ASSIGNMENT:
Starting at the line that contains "Christmas Gift For" and stopping after the line that contains "While the City", transcribe the listing below exactly; do not include any pictures.

[Opening EXTRACTED MATERIAL section]

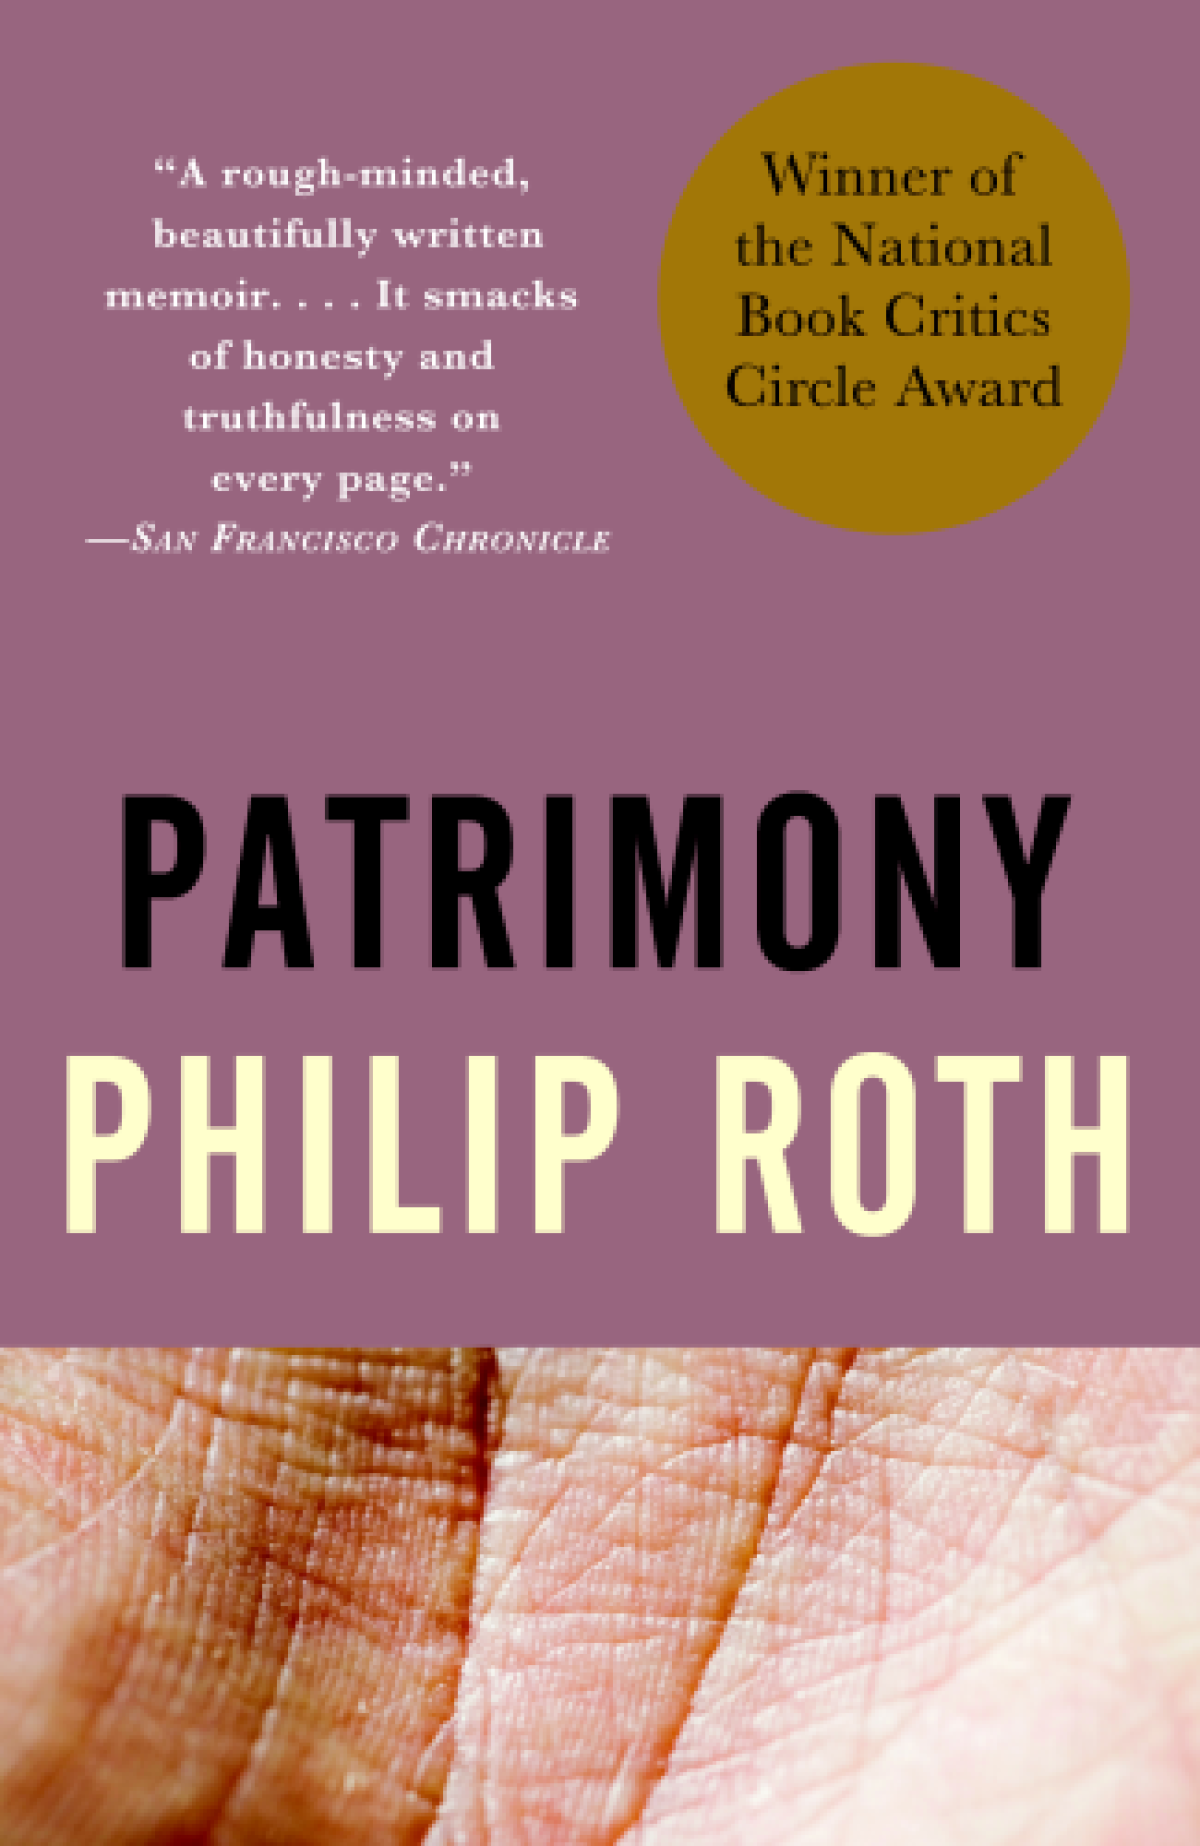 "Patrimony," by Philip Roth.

[Closing EXTRACTED MATERIAL section]
[Opening EXTRACTED MATERIAL section]

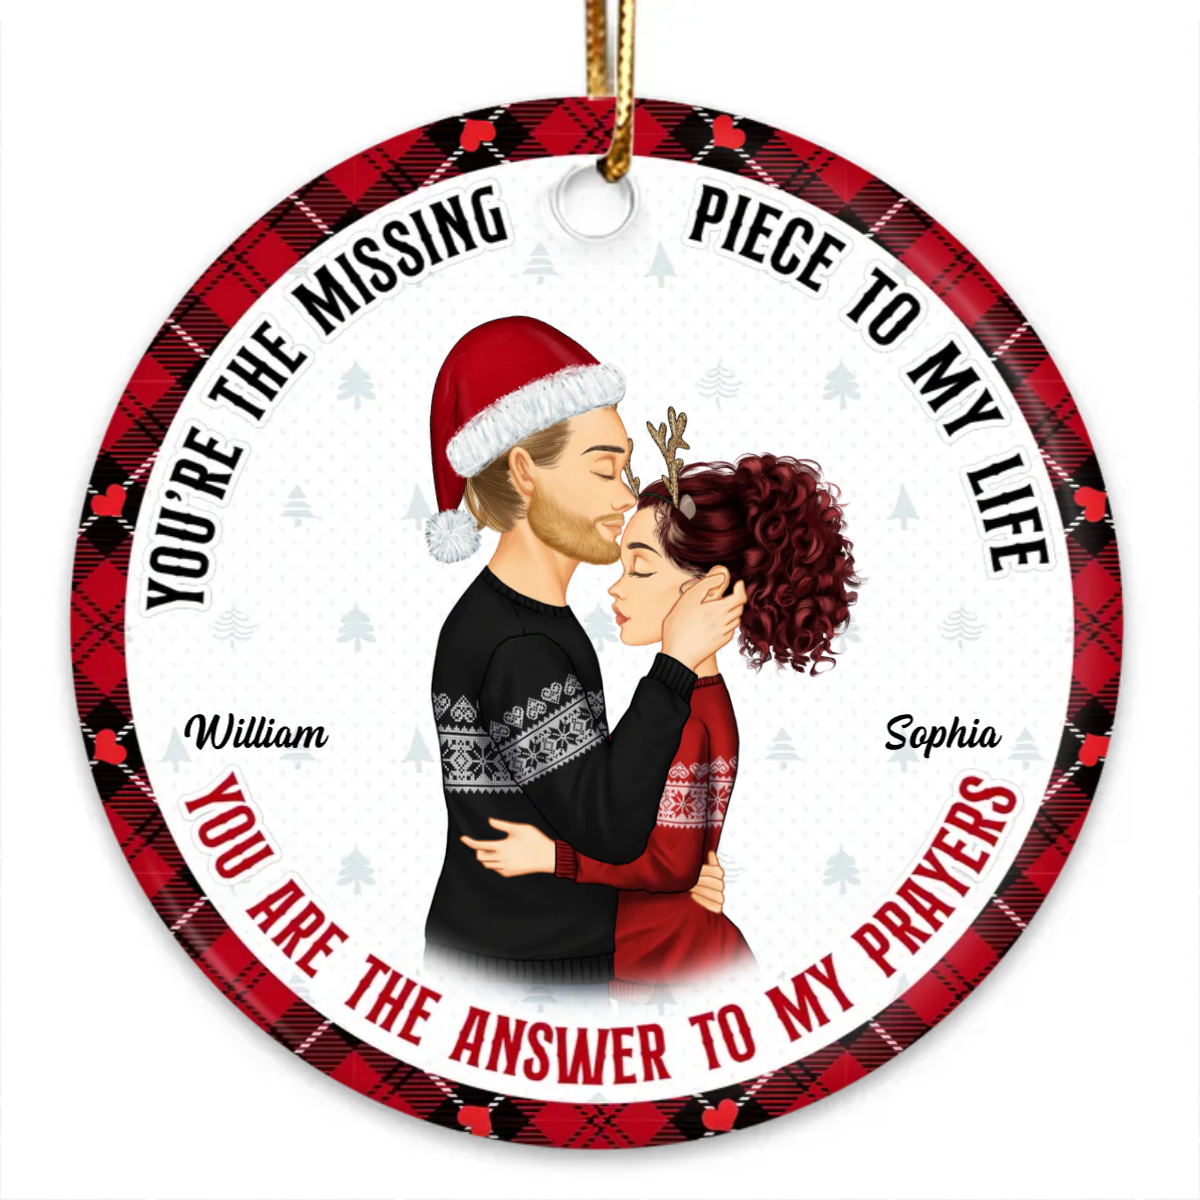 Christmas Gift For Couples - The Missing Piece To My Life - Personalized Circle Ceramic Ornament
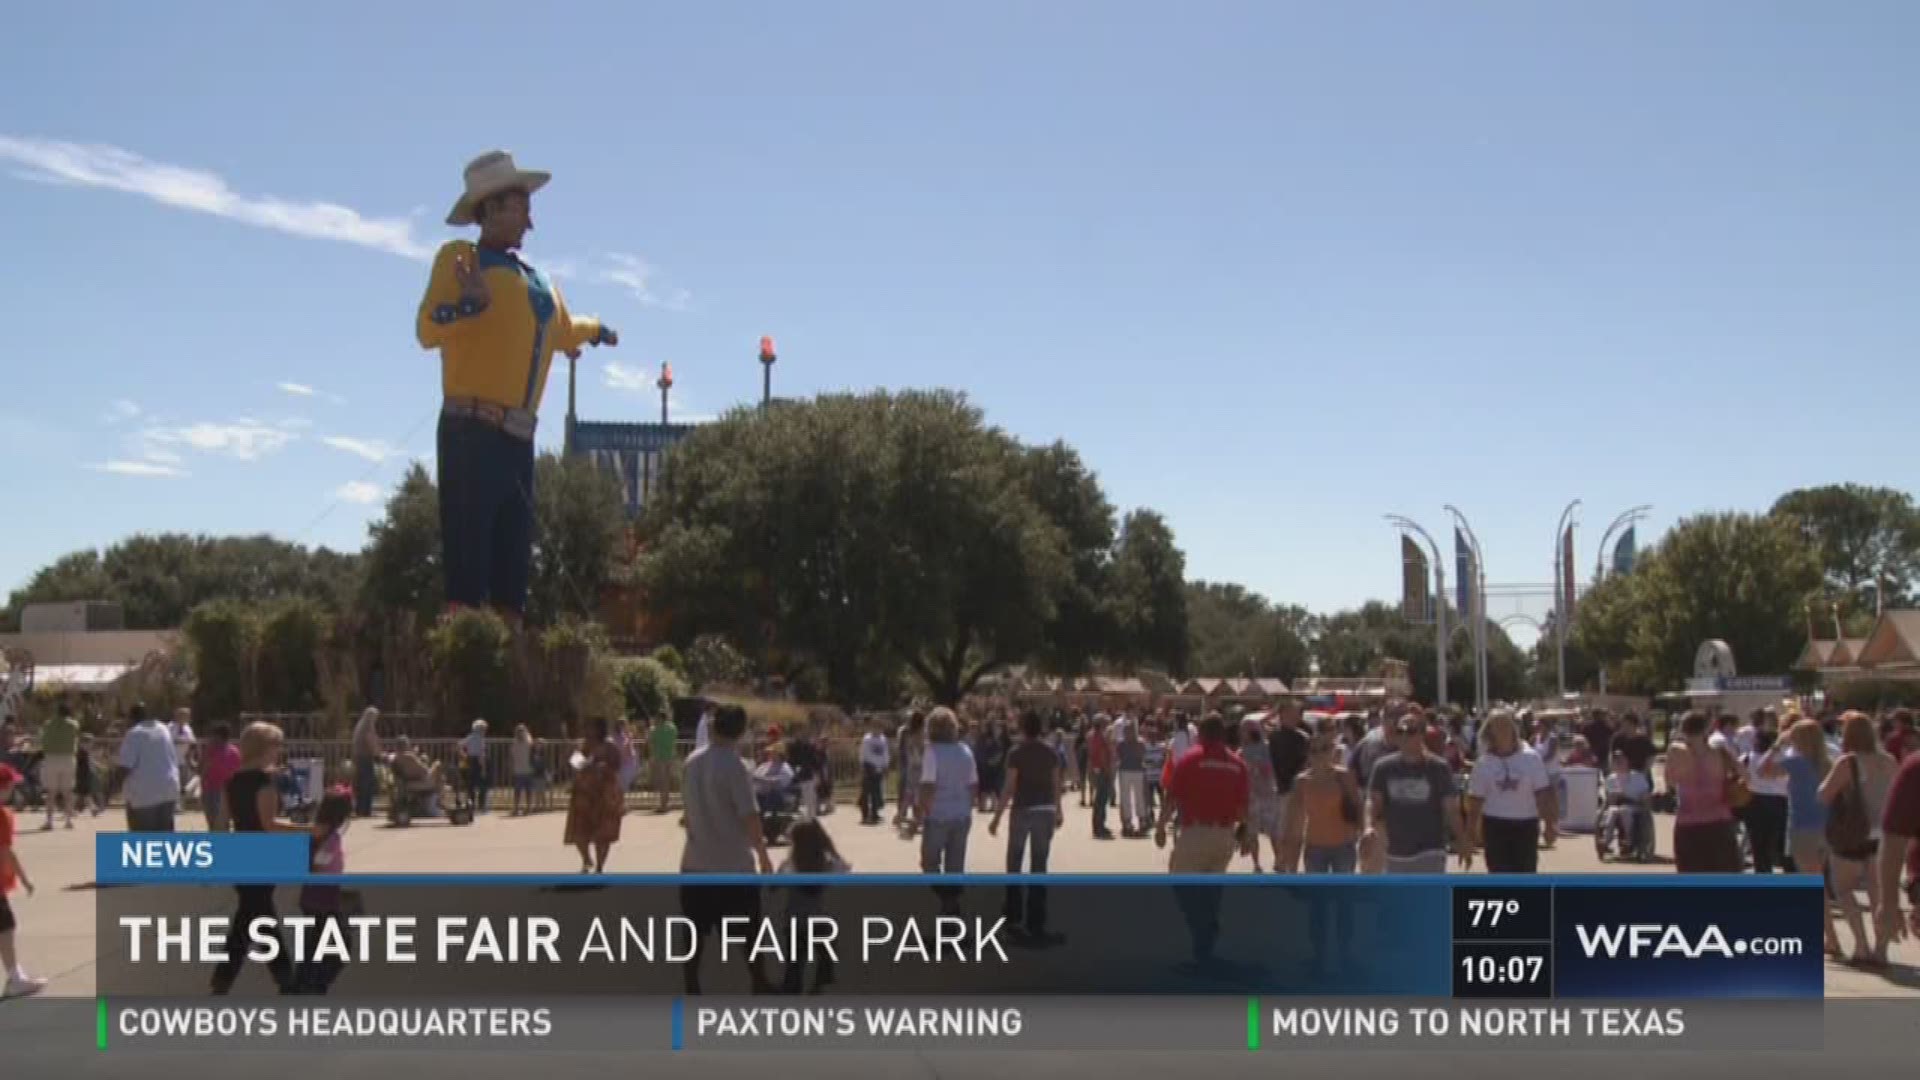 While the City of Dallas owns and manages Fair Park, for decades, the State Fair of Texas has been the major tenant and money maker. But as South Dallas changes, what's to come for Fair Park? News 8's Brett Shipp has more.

[Closing EXTRACTED MATERIAL section]
[Opening EXTRACTED MATERIAL section]

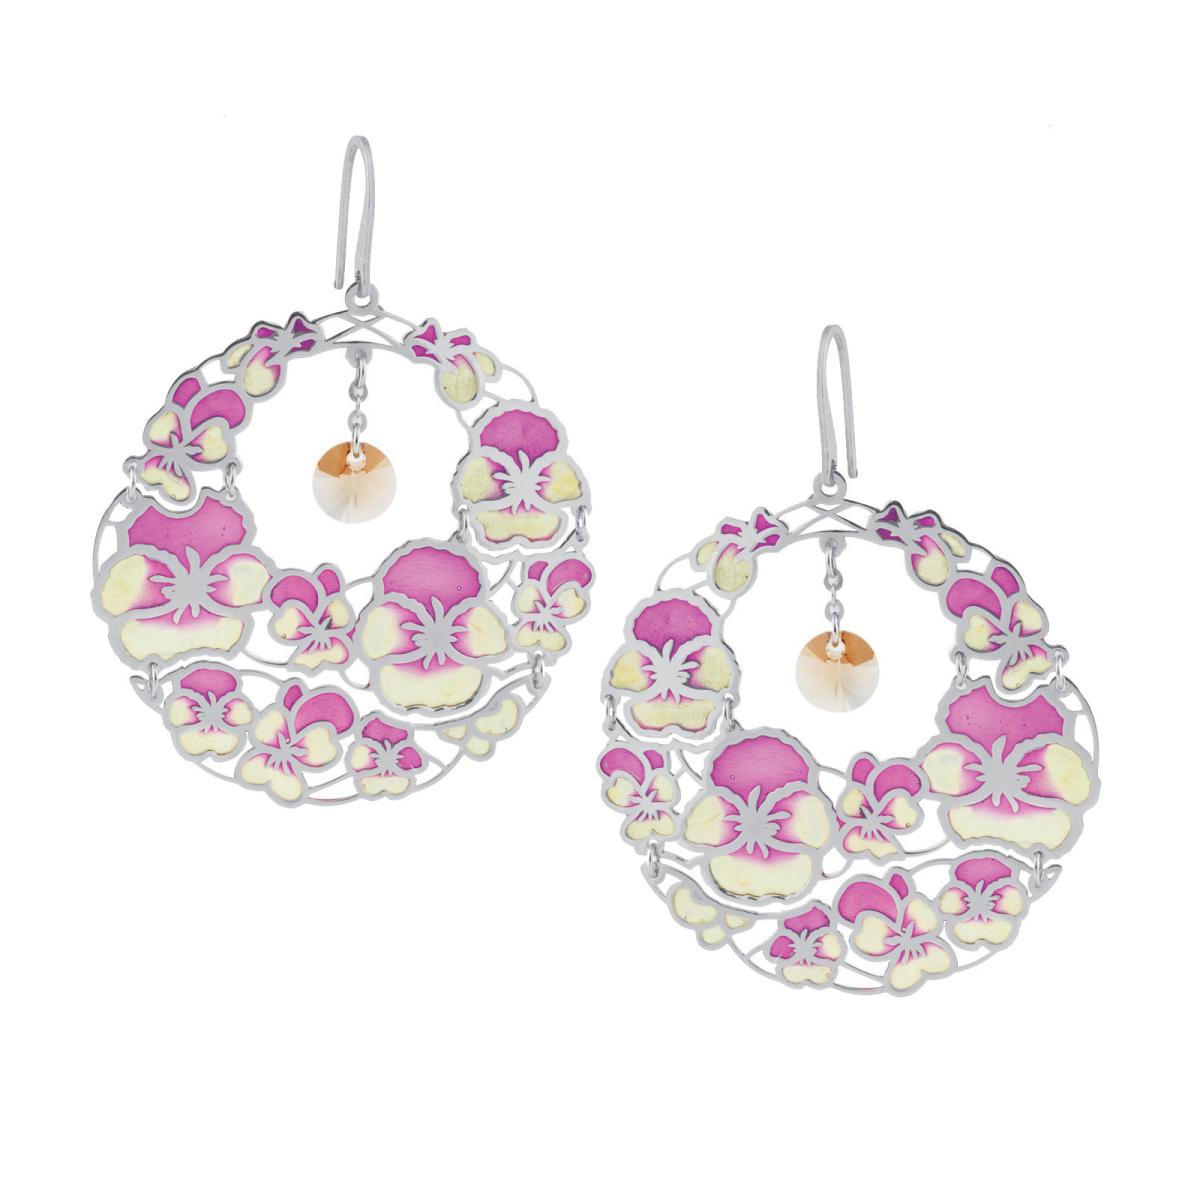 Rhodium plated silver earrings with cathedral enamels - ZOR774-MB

[Closing EXTRACTED MATERIAL section]

COMPLETED EXERCISE:
 Christmas Gift For Couples - The Missing Piece To My Life - Personalized Circle Ceramic Ornament
 While the City of Dallas owns and manages Fair Park, for decades, the State Fair of Texas has been the major tenant and money maker. But as South Dallas changes, what's to come for Fair Park? News 8's Brett Shipp has more.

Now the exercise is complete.